Our working principle, across all of these, is that the meta-level has to be made explicit. A system trying to offer position diversity should declare openly which axes of diversity it is trying to cover, by what criteria, and with what known limits. Otherwise it reproduces, at a higher level, the same invisibility the whole exercise was trying to address.
If we don’t manage to make this boundary at least partially visible, for the questions where it actually matters, we’ll keep building solid opinions on foundations we can’t inspect. Not because those opinions are wrong, but because they’re incomplete in ways we can’t see, on questions where incompleteness isn’t a technical detail. It’s the substance of the problem.
That’s what Sources is trying to change, one (contested) question at a time.
References
Fishkin, R. (2024). 2024 Zero-Click Search Study. SparkToro, on Datos/Semrush panel data. sparktoro.com
Pan, B., Hembrooke, H., Joachims, T., Lorigo, L., Gay, G., & Granka, L. (2007). In Google We Trust: Users’ Decisions on Rank, Position, and Relevance. Journal of Computer-Mediated Communication, 12(3), 801–823.
Pandey, S., Roy, S., Olston, C., Cho, J., & Chakrabarti, S. (2005). Shuffling a Stacked Deck: The Case for Partially Randomized Ranking of Search Engine Results. Proceedings of VLDB.
Pariser, E. (2011). The Filter Bubble: What the Internet Is Hiding from You.

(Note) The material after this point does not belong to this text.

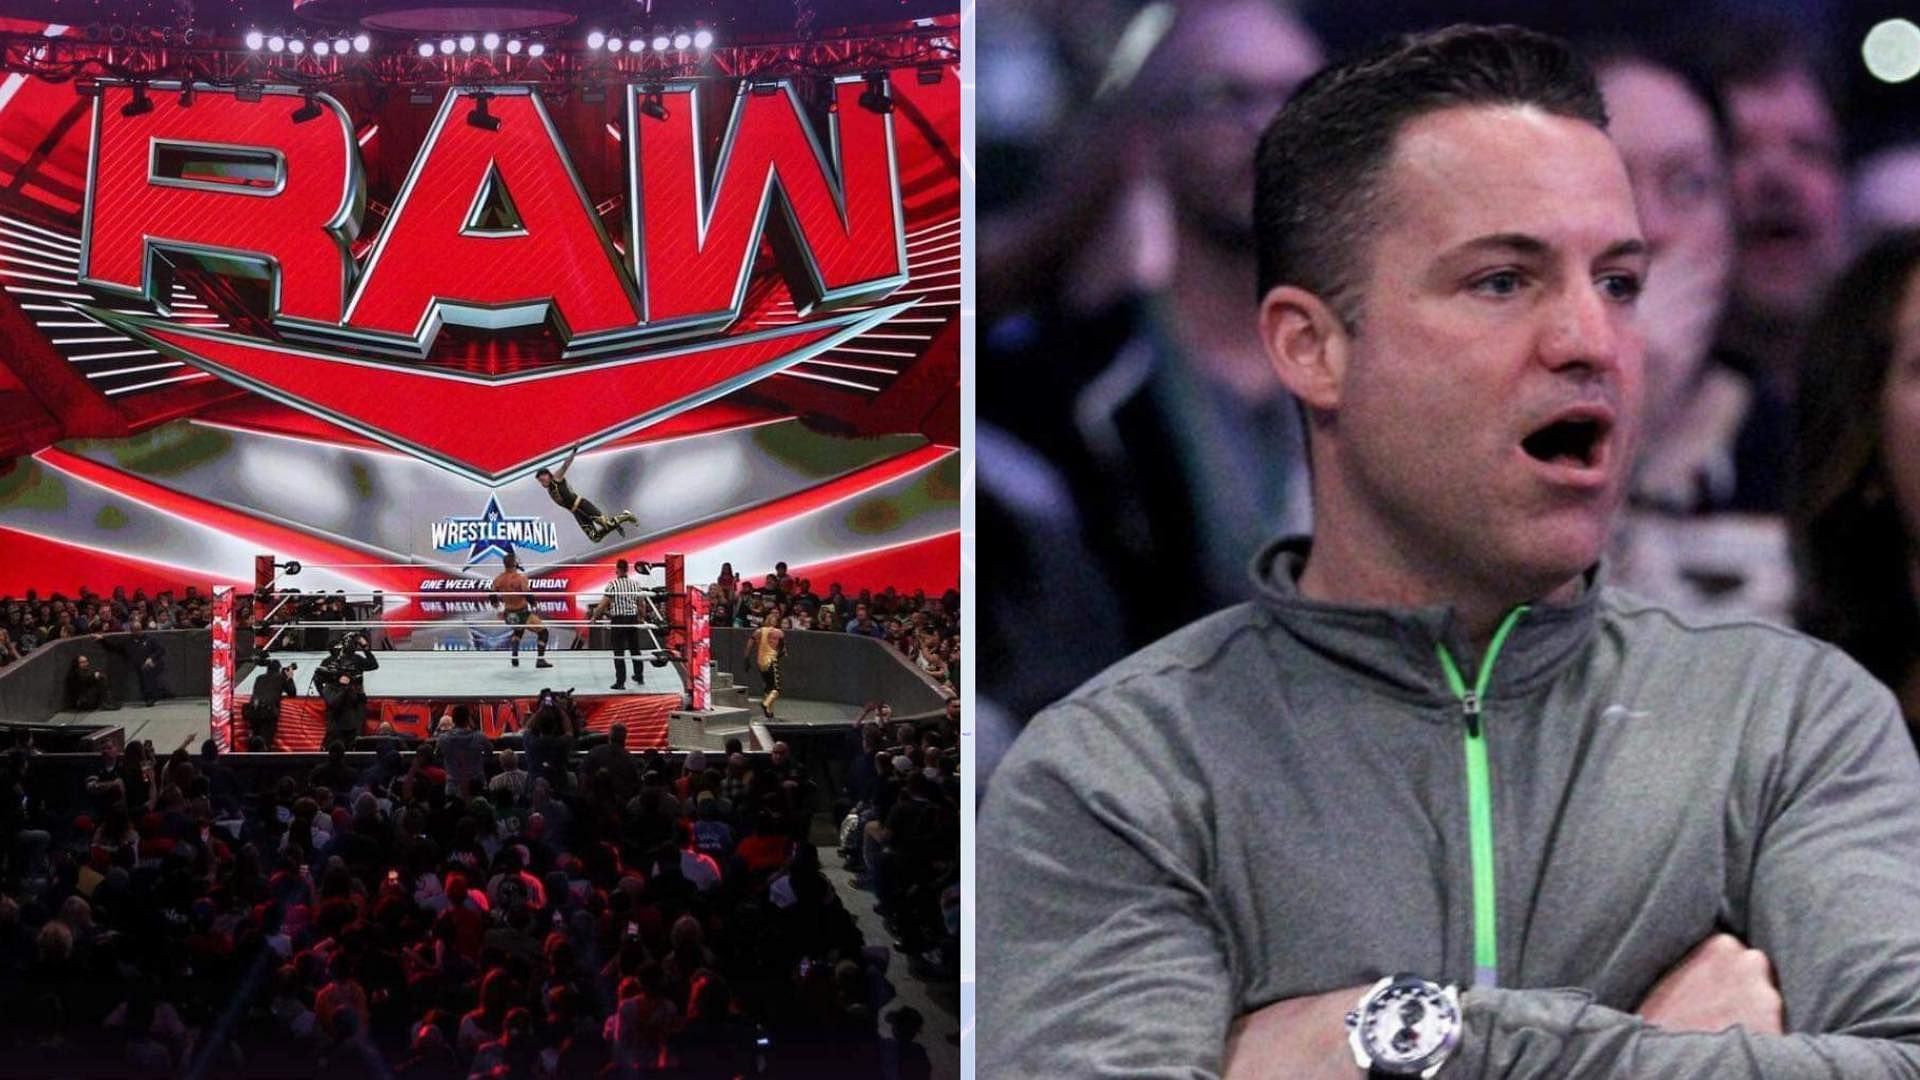 WWE RAW this week was live from the Bell Centre in Montreal, Quebec, Canada

Penguin Press.
Further reading
If you want to dig into the EV tariff debate yourself, here are some entry points spanning different positions. They are not exhaustive, and they intentionally include perspectives that disagree with each other.
Pro-tariff / industrial protection. European Commission (2024). Provisional countervailing duties on imports of battery electric vehicles from China. Available at ec.europa.eu. The Commission’s own framing of the case. https://trade.ec.europa.eu/access-to-markets/en/news/eu-commission-imposes-countervailing-duties-imports-battery-electric-vehicles-bevs-china
Skeptical of the tariffs (free-trade and consumer perspective). Dadush, U. (2024). The European Commission’s duties on Chinese electric vehicles are a mistake. Bruegel.
Climate-pragmatic angle. Mazzocco, I. (2023). Balancing Act: Managing European Dependencies on China for Climate Technologies. CSIS Brief.
German industrial perspective. Barkin, N., Kratz, A., & Sebastian, G. (2024). Ain’t No Duty High Enough. Rhodium Group. On why German automakers are exposed to retaliation.
https://rhg.com/research/aint-no-duty-high-enough/
Empirical / contrarian read on the data. Conconi, P., et al. (2026). Don’t swap tariffs for minimum prices on Chinese electric vehicles. CEPR. Argues the “flood of Chinese imports” narrative does not match the trade data.
https://cepr.org/voxeu/columns/dont-swap-tariffs-minimum-prices-chinese-electric-vehicles
For broader context on diversity in news retrieval. Pan et al. (2007), Pariser (2011), and Pandey et al. (2005), cited in the references above.
Methodological note
I used Claude to refine sentences, test phrasings, and pressure-test the structure of the argument.